Spare tyres mounted under body can be damaged by rocks and sharp objects, so check the spare’s sidewall for cuts.

A propeller shaft can be bent when the vehicle rests on it in rocky terrain, or when climbing over fallen trees. A bent propshaft causes vibration and also wears out transmission and axle components.

Tow bars are vulnerable; because they hang out at the back end of things, so check for any signs of distortion. Also make sure the mounting bolts are tight and in good condition.

Wiring and trailer connection plugs are frequently badly positioned and can be damaged as the tail end scrapes the ground. Replace and relocate plugs and wiring that show damage.  When you get out from underneath, flick the bonnet catch and peer inside the engine bay. Look for signs of worn wires, pipes and hoses. Also check the condition of all rotating parts – particularly drive belts. When in doubt, chuck them out.

spring check Radiators can work loose on their mounts, so check for security and any signs of contact with other components – particularly the fan blades.

Engine mounts take a hiding on rough roads, so look for damage or signs of engine movement.

Rear doors with spare wheels mounted on them are particularly prone to hinge and striker plate wear. Some are adjustable, so make sure the door is securely located and that the rubber dust seals aren’t worn.

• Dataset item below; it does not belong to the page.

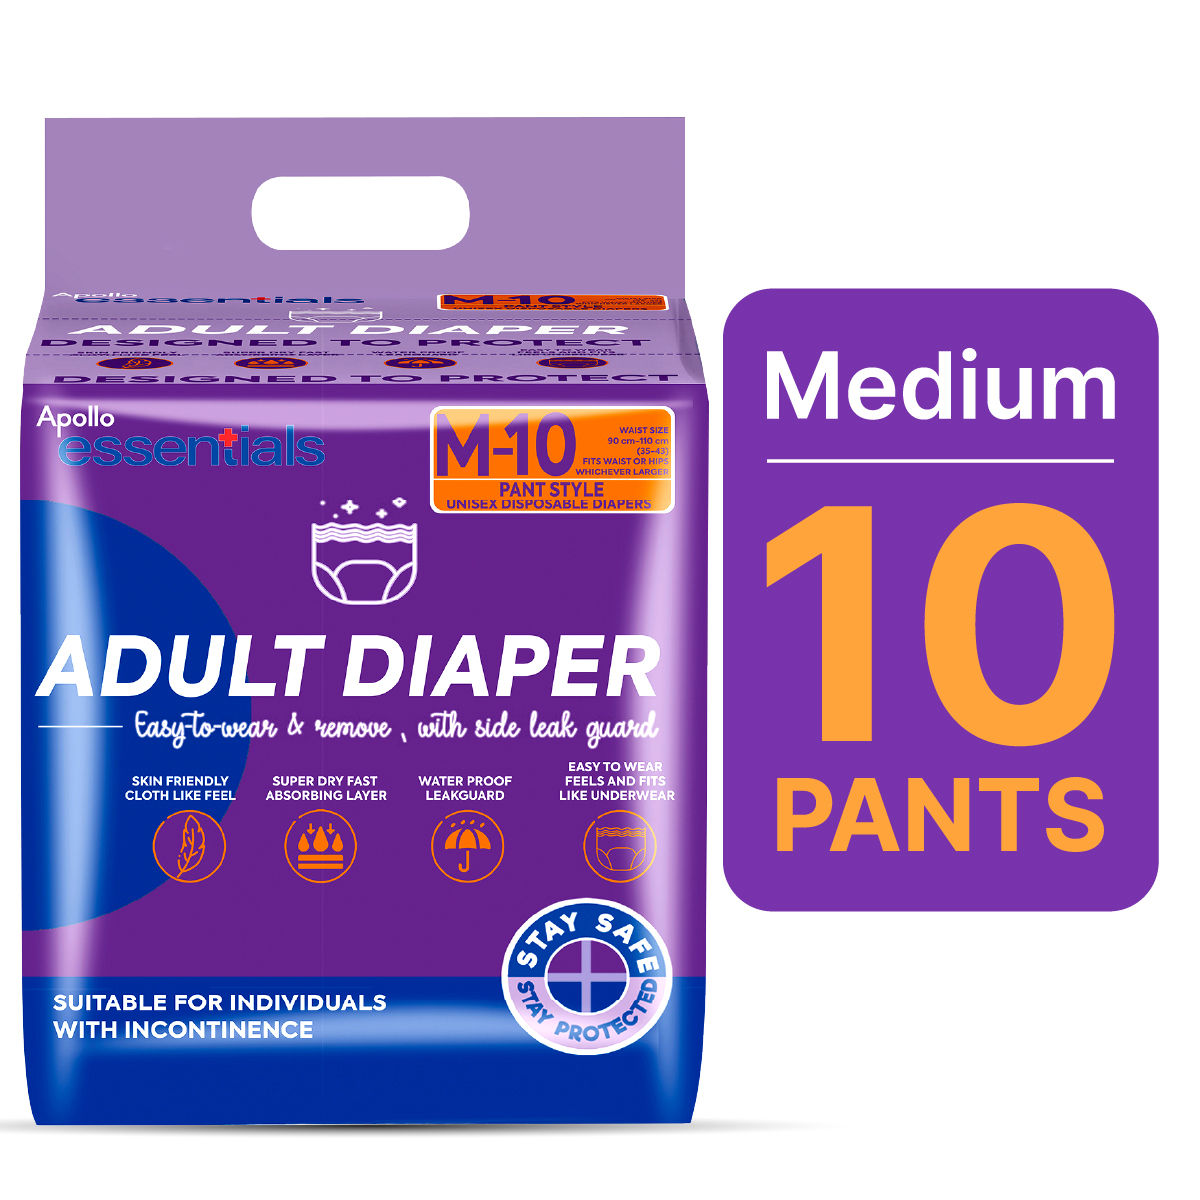 Buy Apollo Essentials Adult Diaper Pant Style Unisex Medium, 10 Count Online

Finish off your pre-trip check with a look at your windscreen wiper blades. They’ll need to be in good condition for a bush trip.

Once you’re satisfied your vehicle has passed its check, take a look at your tools and recovery equipment.

Everything has a use-by date and there should be no place in your support gear for kinked winch cables, frayed snatch straps, screwdrivers with twisted blades, shackles with bent pins, gouged spanners and rattly pliers.